Having completed the females, the matching male section is marked out by using the finished female as a template. A knife or sharp hard pencil is used, and again the sections to be cut out are marked with an X. Vertical lines are again dropped to the scribe line and the process of sawing and chiseling is repeated. Cut on the outside of knife marks in order to achieve a tight fit. It is always possible to trim away if it’s too tight, but hard to add wood once it is cut. Occasionally, a miscut can be repaired by forcing a sliver taken from the same board into the gap, but this should only be done on a joint not readily seen.

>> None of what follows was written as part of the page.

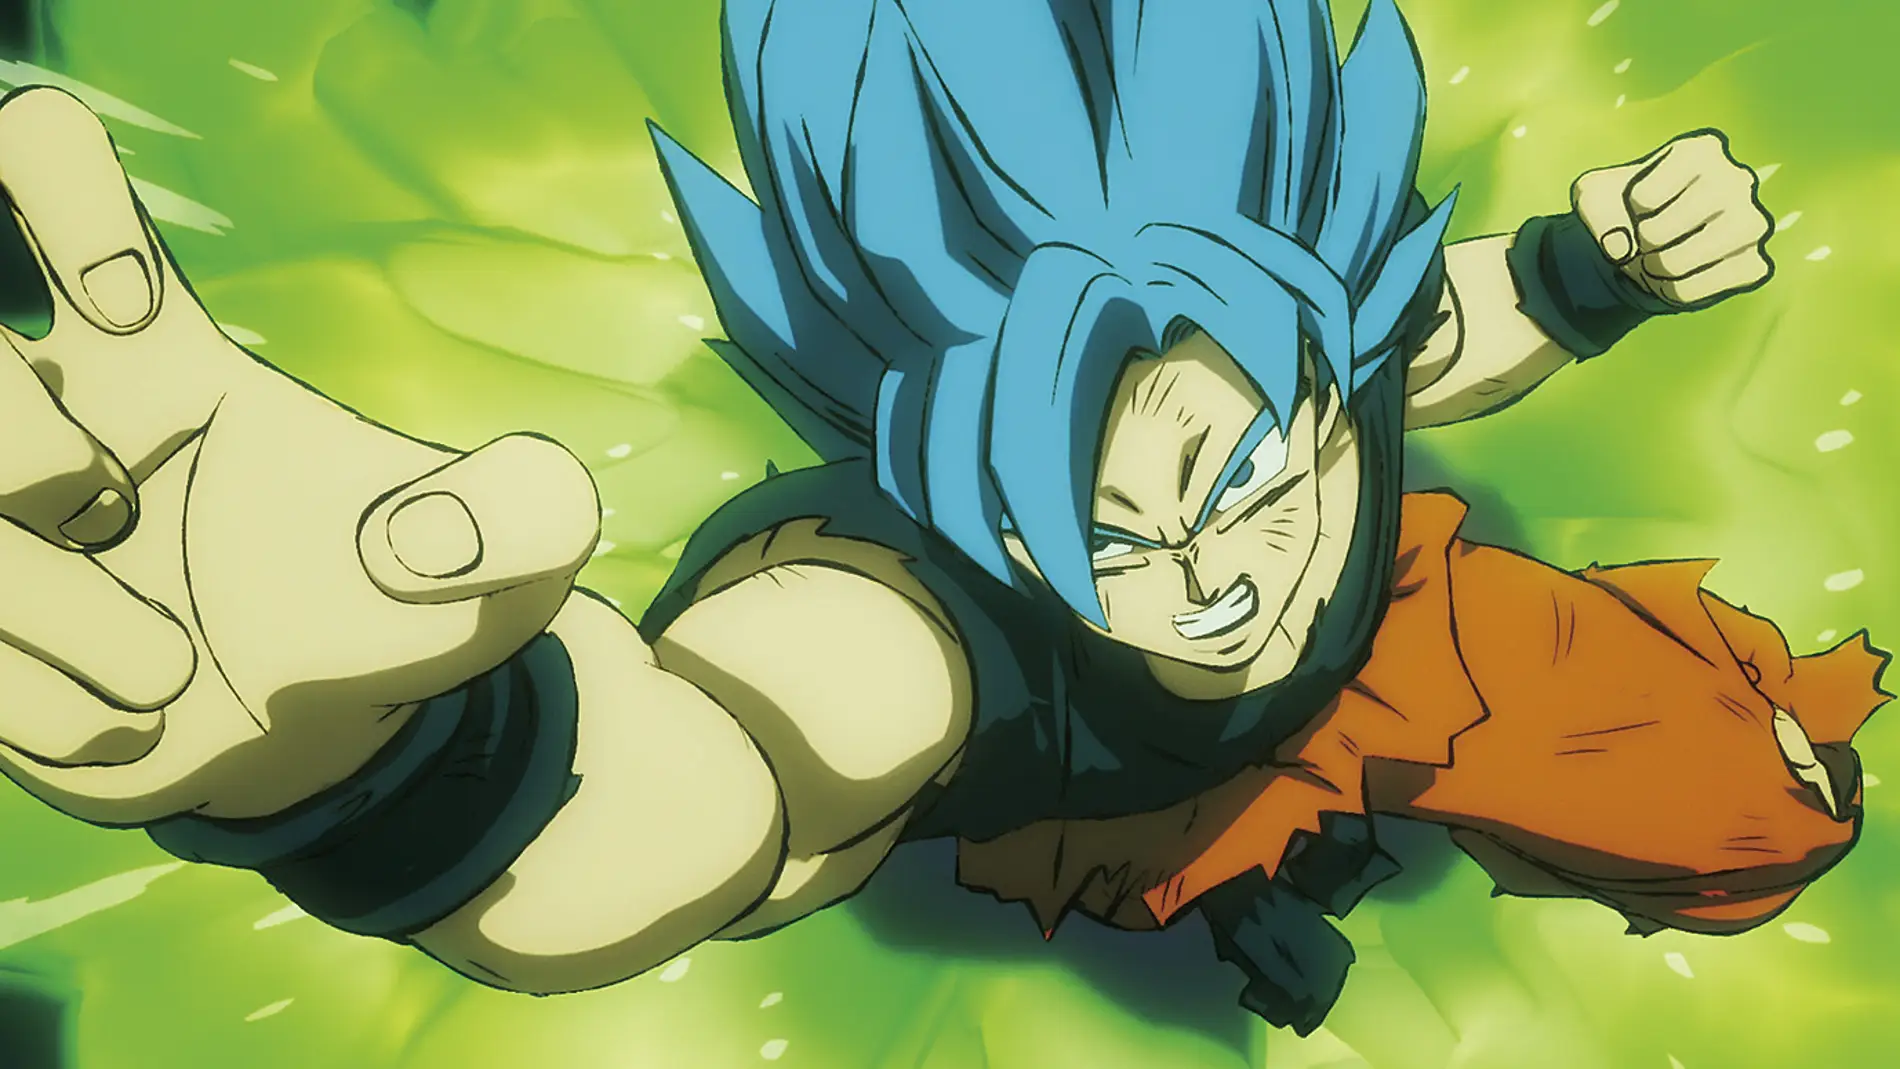 Resultado de imagem para son goku normal  Goku transformaciones, Dibujos,  Imagenes de alicia

Mortise and Tenon: Doors, windows, drawer dividers, table bases, breadboarded tabletops, bed joints, and a host of other components are built with the mortise and tenon (think: mortise = mouth, tenon = tongue). When the tongue passes completely through the mortise stock, it is called a revealed, or through, tenon, which is usually further tightened by one or more wedges for additional strength. (Note: Never drive a wedge running parallel to the grain in the mortise stock or splitting will result.) Tenons can be square, rectangular, round, or any other shape – they are still tenons. Commonly, tenons are fitted, glued, and pinned as an extra precaution. Most eighteenth- and early nineteenth-century joiners did not glue these joints, and even today most door stiles and rails are not glued.
After deciding on how much depth the joint should have, or indeed, whether it should be revealed, the shoulders of the tenon are laid out with a try square and cut either with backsaw or on the table saw. A clean, square cut is necessary if the joint is to be tight. The tongue itself should be fairly smooth and of equal width and thickness along its length.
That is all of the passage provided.